Protease Enzymes in Human Milk
Protease Enzymes in Human Milk
Author: J. Bruce German
Key Messages
Human milk evolved not as simple proteins but rather as a combination of proteins and protease enzymes.
Young infants are developmentally naïve, produce little gastric acid, and express low protease activity.
The selective proteolysis of milk proteins begins within the mammary gland.
Introduction
The emergence of lactation as the system of nourishing infants has been a core asset to the success of mammalia. The traits of lactation selected within the mother infant dyad has been a Darwinian engine of nourishment for over 200 million years [1]. The proteins of milk are proving to be an even more complex nutrition and protection system than previously considered. Scientists are now using modern tools of biological research to understand milk proteins and their digestion into peptides within infants [2, 3]. Mapping these peptides to the proteins that contained them and the sites that were cleaved revealed a surprising result: the protease enzymes defined by their cleavage specificity correspond to enzymes not in babies but in the milk [4]. A total of five protease enzymes (plasmin, cathepsin, elatase, kalikrein, and amino and carboxypeptidase) were identified to be either translocated to or synthesized in the mammary gland, present in milk, and active within the infant stomach. These results suggest that milk evolved not as simple proteins but rather as a combination of proteins and protease enzymes.
Implications
First: the infant. The current paradigm for protein nourishment is that intact proteins denatured by stomach acid and attacked by endogenous proteases in the stomach begin a digestive process that continues with hydrolysis by neutral proteases in the small intestine, and ultimately leads to the release and complete absorption of amino acids by the intestinal epithelia. Young infants, however, are developmentally naïve, produce little gastric acid, and express low protease activity. Nonetheless, infants digest and absorb milk proteins effectively with an array of proteases activated within the infant and contributing to catalytic activity. Specificity to protein digestion within the infant has some important implications to infant nourishment.
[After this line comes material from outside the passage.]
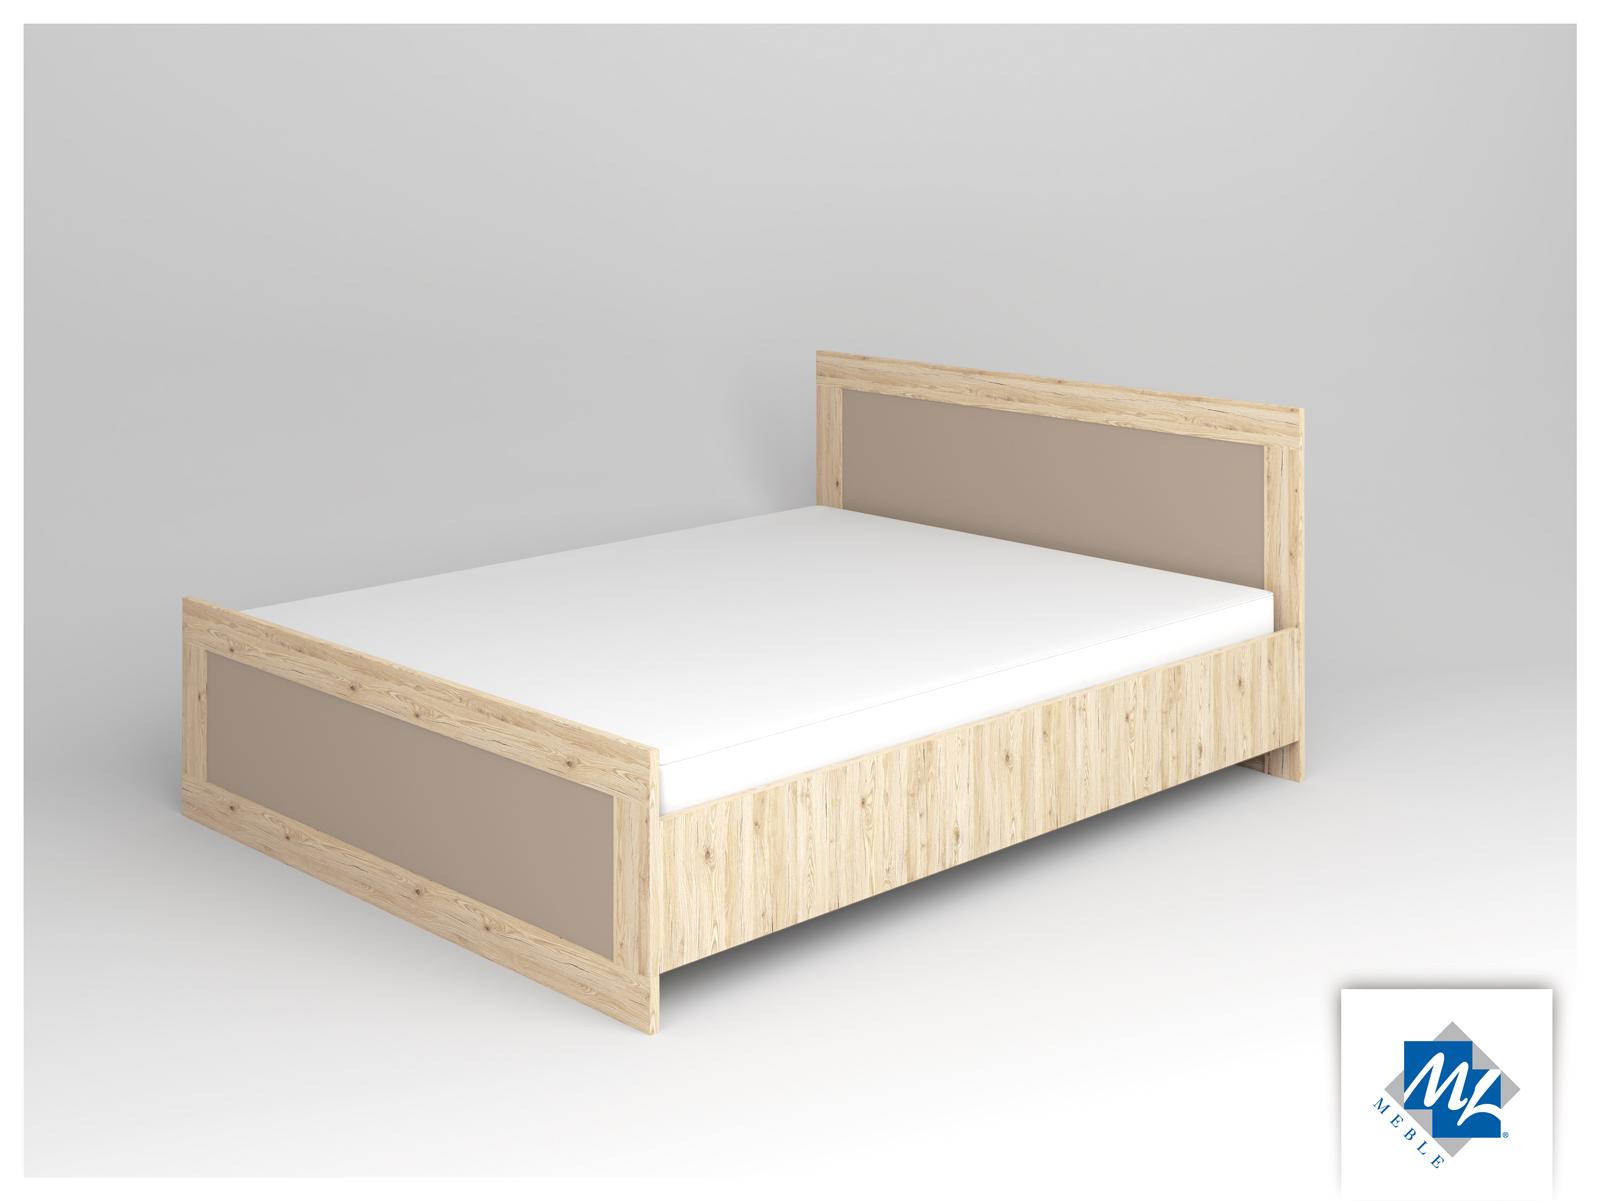 Manželská posteľ 160 cm - ML Nábytok - Modern 16 dub San Remo + grafit

Second: the milk. There are no means at hand to measure – and much less to deliver – this aspect of human milk to all infants. Sharing of breast milk, storing, processing, all will affect the net ability of milk’s enzymes to selectively digest the proteins. Formula does not currently contain these activities. Scientific discovery must now identify all peptides released, where and when, annotate their functions, and understand their value to infants.
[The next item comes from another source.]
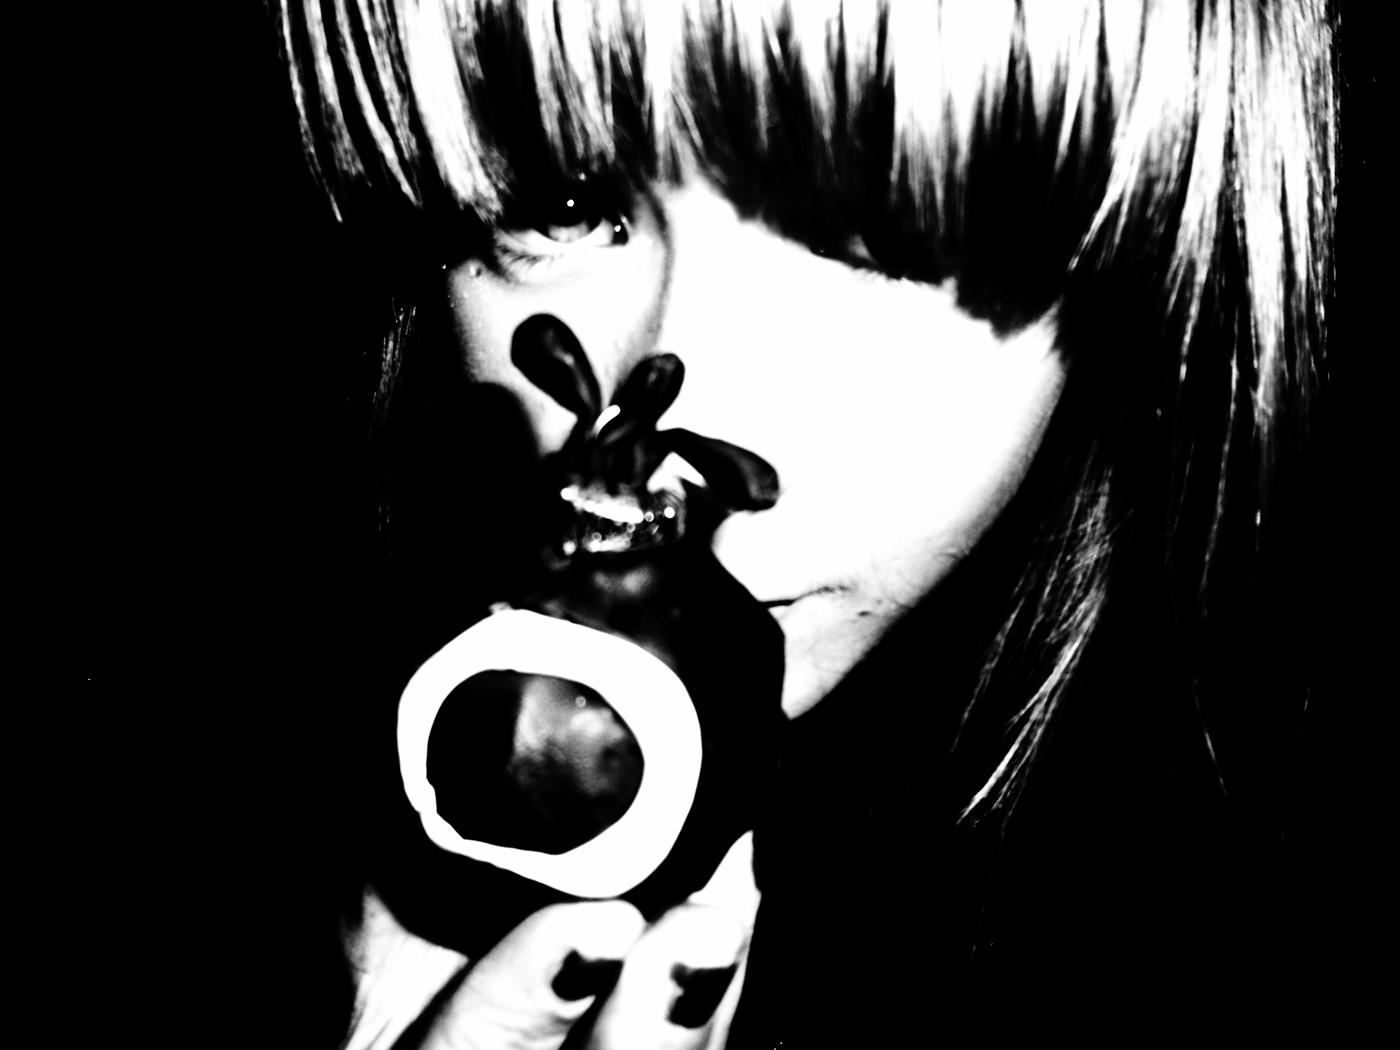 saberr-desu's Profile Picture

Third: the mother. The selective proteolysis of milk proteins begins within the mammary gland. Are these activities of benefit to the mother, to lactation? How diverse are these activities across mothers, across lactation, across varying maternal health and nutritional status? Answers to these questions will guide future policies and practices of lactation.
Understanding this magnificent system of nourishment is likely to provide insights for nourishing humans of all ages and all health conditions.
Fig. 1. Schematic of production and transfer of enzymes into milk within the lactating mammary gland. Enzymes can reach milk by direct protein synthesis by the epithelial cell, by translocation from blood, and by secretion from immune cells within the mammary gland and milk itself
References
1. Oftedal OT: The mammary gland and its origin during synapsid evolution. J Mammary Gland Biol Neoplasia 2002;7:225–252.
2. Dallas DC, Guerrero A, Khaldi N, Castillo PA, Martin WF, Smilowitz JT, Bevins CL, Barile D, German JB, Lebrilla CB: Extensive in vivo human milk peptidomics reveals specific proteolysis yielding protective antimicrobial peptides. J Proteome Res 2013;12:2295–2304
3. Dallas DC, Guerrero A, Khaldi N, Borghese R, Bhandari A, Underwood MA, Lebrilla CB, German JB, Barile D: A peptidomic analysis of human milk digestion in the infant stomach reveals protein-specific degradation patterns. J Nutr 2014;144:815–820.
4. Khaldi N, Vijayakumar V, Dallas DC, Guerrero A, Wickramasinghe S, Smilowitz JT, Medrano JF, Lebrilla CB, Shields DC, German JB: Predicting the important enzyme players in human breast milk digestion. J Agric Food Chem 2014;62:7225–7232.